Speaking at a seminar on digitalizing agricultural mechanization held in Can Tho City on May 13, Ho Phi Tuan, head of the Electromechanics Division under the Department of Cooperatives and Rural Development at the Ministry of Agriculture and Environment, said domestic manufacturing capacity remains limited.

Vietnam currently has more than 600,000 machines and pieces of equipment used in agricultural production. However, local manufacturers can meet less than 30% of demand, while more than 70% of machinery is imported, mainly from China, Japan and Thailand.

In the Mekong Delta, mechanization has been widely adopted in land preparation, harvesting, and irrigation for rice farming. These stages have helped reduce labor costs and improve productivity.

However, mechanization remains weak in seeding, crop care, storage, and by-product processing. Tuan said the rice sector has mainly mechanized “the beginning and the end” of the production chain, while sowing and field management continue to lag behind.

The issue is considered one of the main bottlenecks affecting the implementation of the Government’s one-million-hectare high-quality, low-emission rice growing project in the Mekong Delta.

Truong Huu Tri, director of Go Gon Cooperative in Tay Ninh Province, said row seeding and cluster seeding methods have produced positive results, particularly in improving yields.

According to Tri, rice fields using these methods achieved yields of around nine tons per hectare, compared to eight tons per hectare under conventional broadcasting methods.

Still, he said mechanized sowing equipment has yet to meet farmers’ actual needs. Access to financing for machinery investment also remains difficult.

Tri said his cooperative had signed a financing agreement with a bank based on its business plan. However, the bank required the cooperative to satisfy nine groups of conditions before disbursement, including legal status, project feasibility, matching capital, use of funds, financial performance, green production standards, supply chain linkages, and land-use certificates as collateral.

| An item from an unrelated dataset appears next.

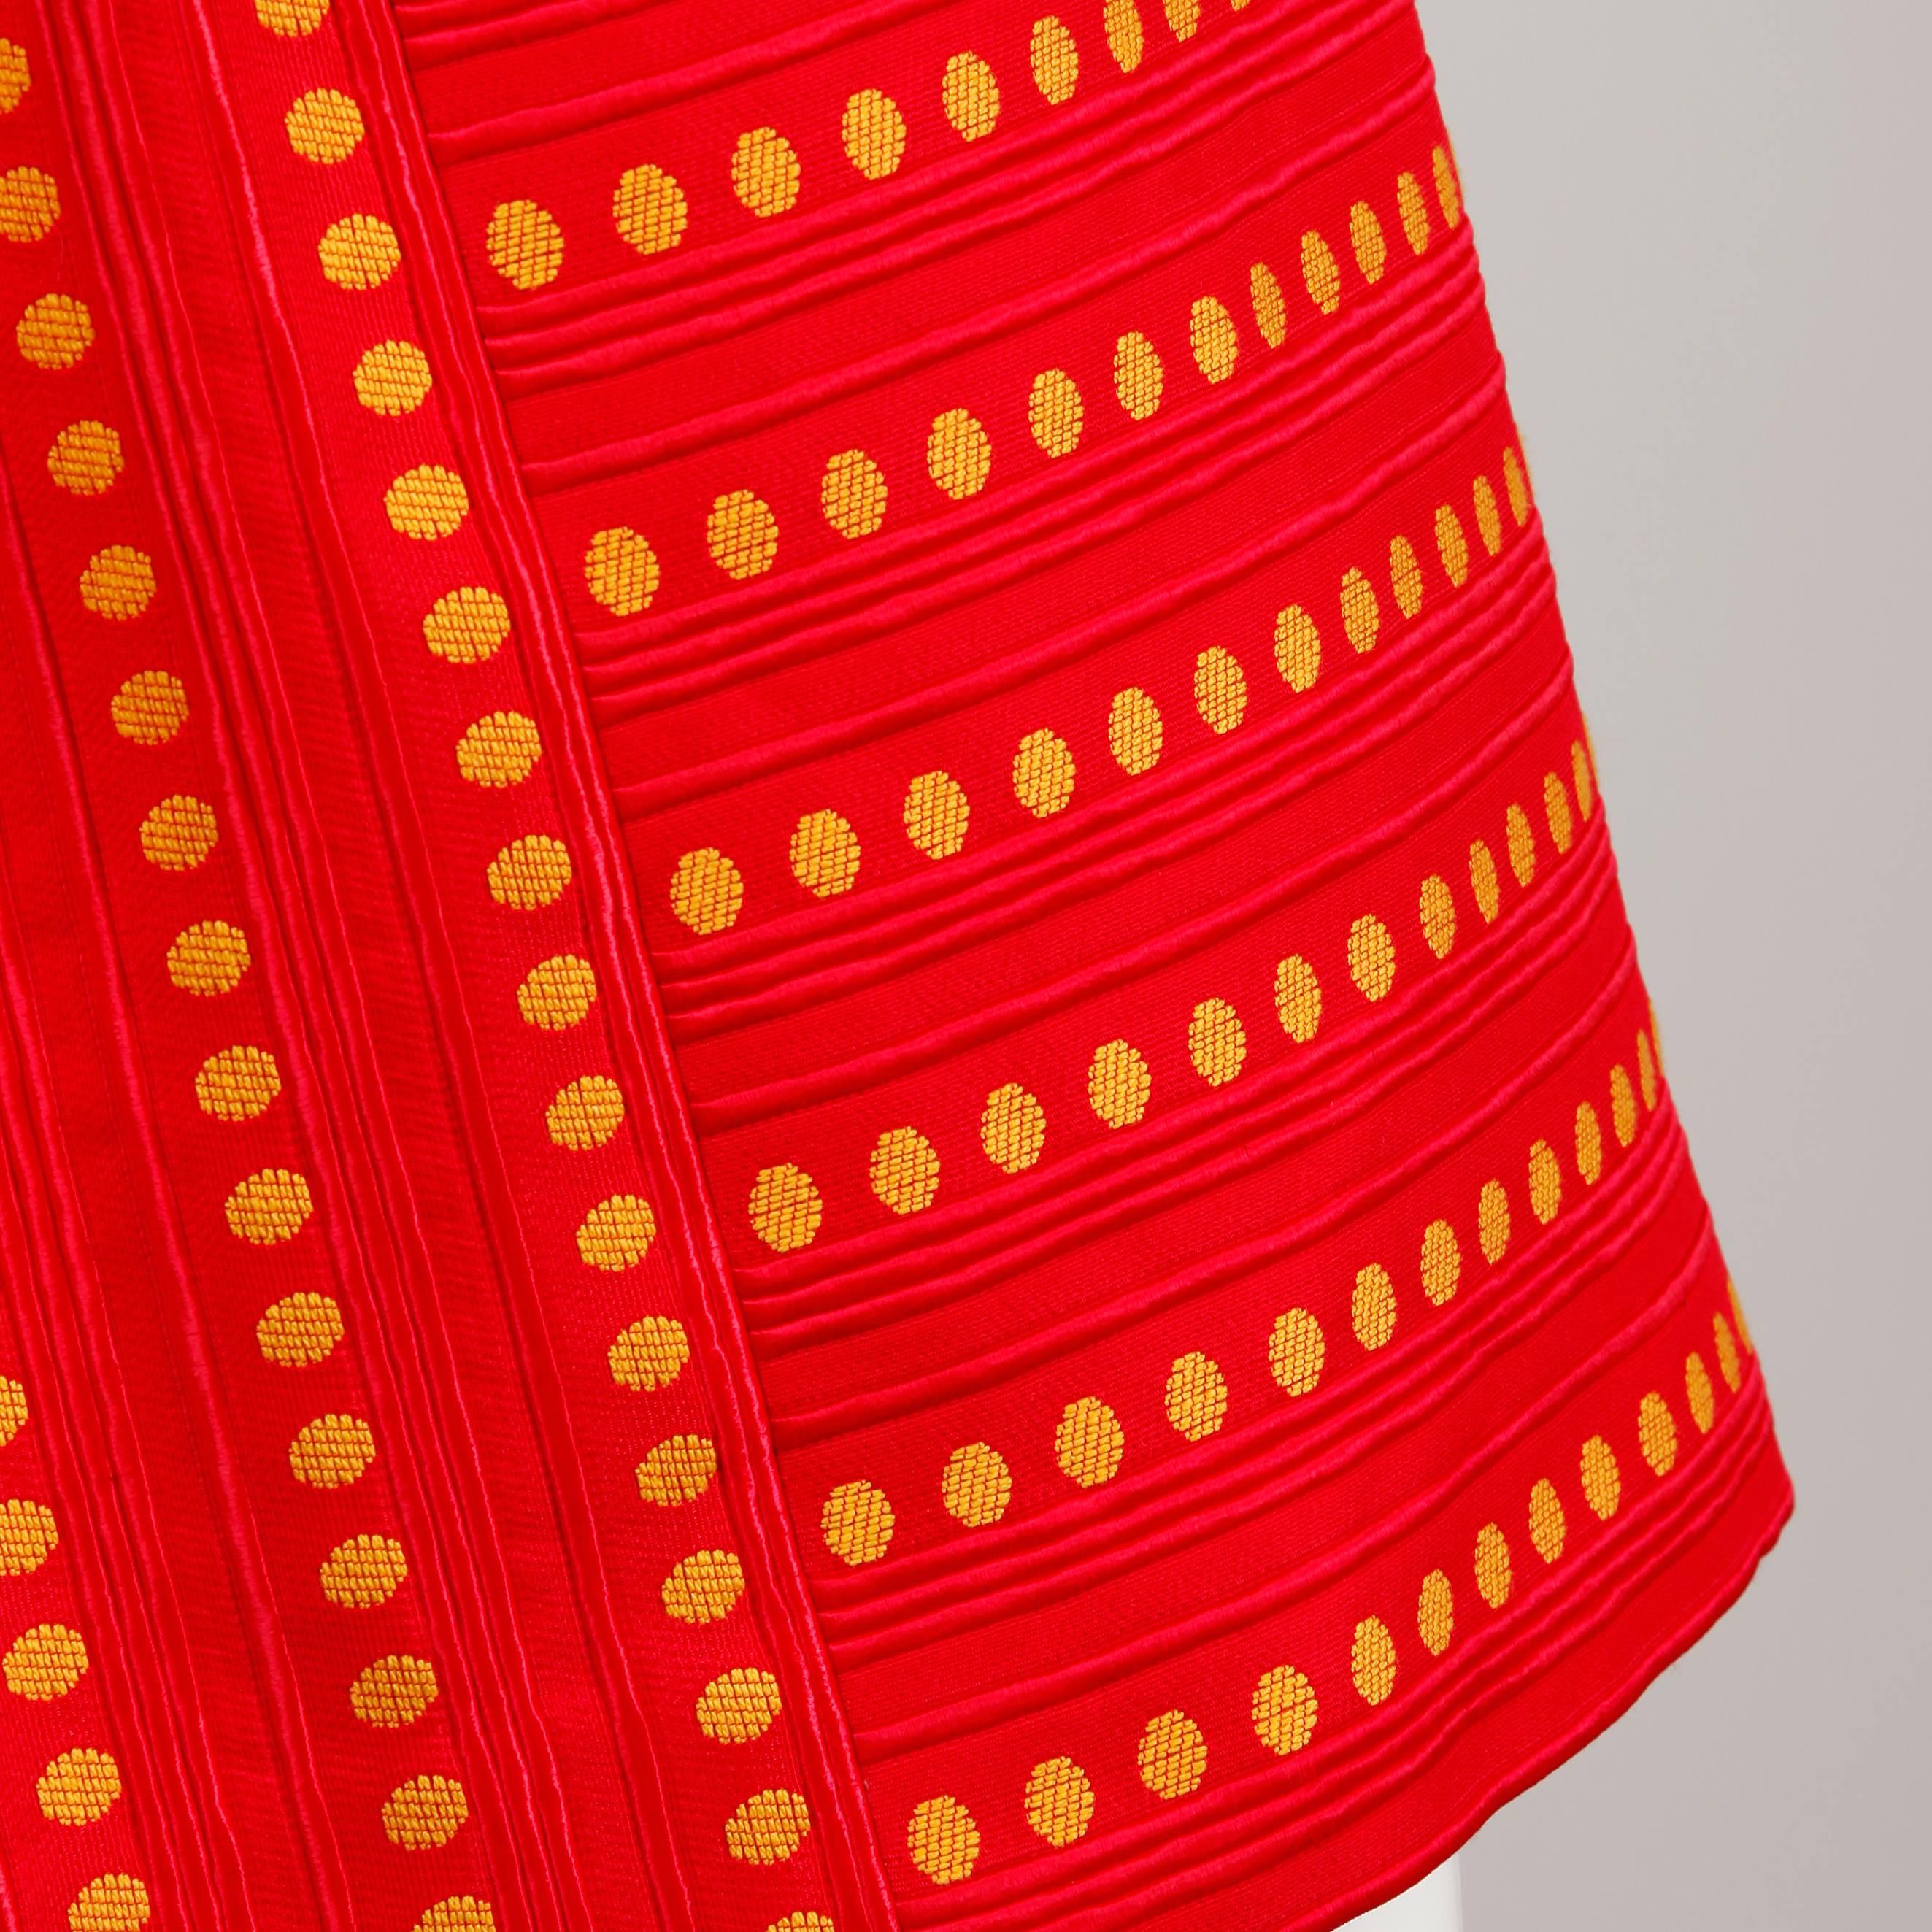 Rare Kreinick 1960s Vintage Red + Yellow Polka Dot Mod Dress + Jacket Ensemble 4

“This is very difficult for cooperatives and farmers,” Tri said, adding that more flexible policies and stronger State support are needed to unlock investment capital for agricultural mechanization.

Dao Thi Nhu He, director of Saigon Kim Hong Trading Service Company, said pilot models under the one-million-hectare rice project showed that cluster seeding combined with fertilizer placement delivered clear efficiency gains.

However, adoption has remained slow as many farmers are still reluctant to invest in mechanized production systems.

She said local authorities should introduce support mechanisms to help farmers and cooperatives invest in machinery and equipment, especially for sowing operations, which are considered the weakest link in Vietnam’s rice production chain.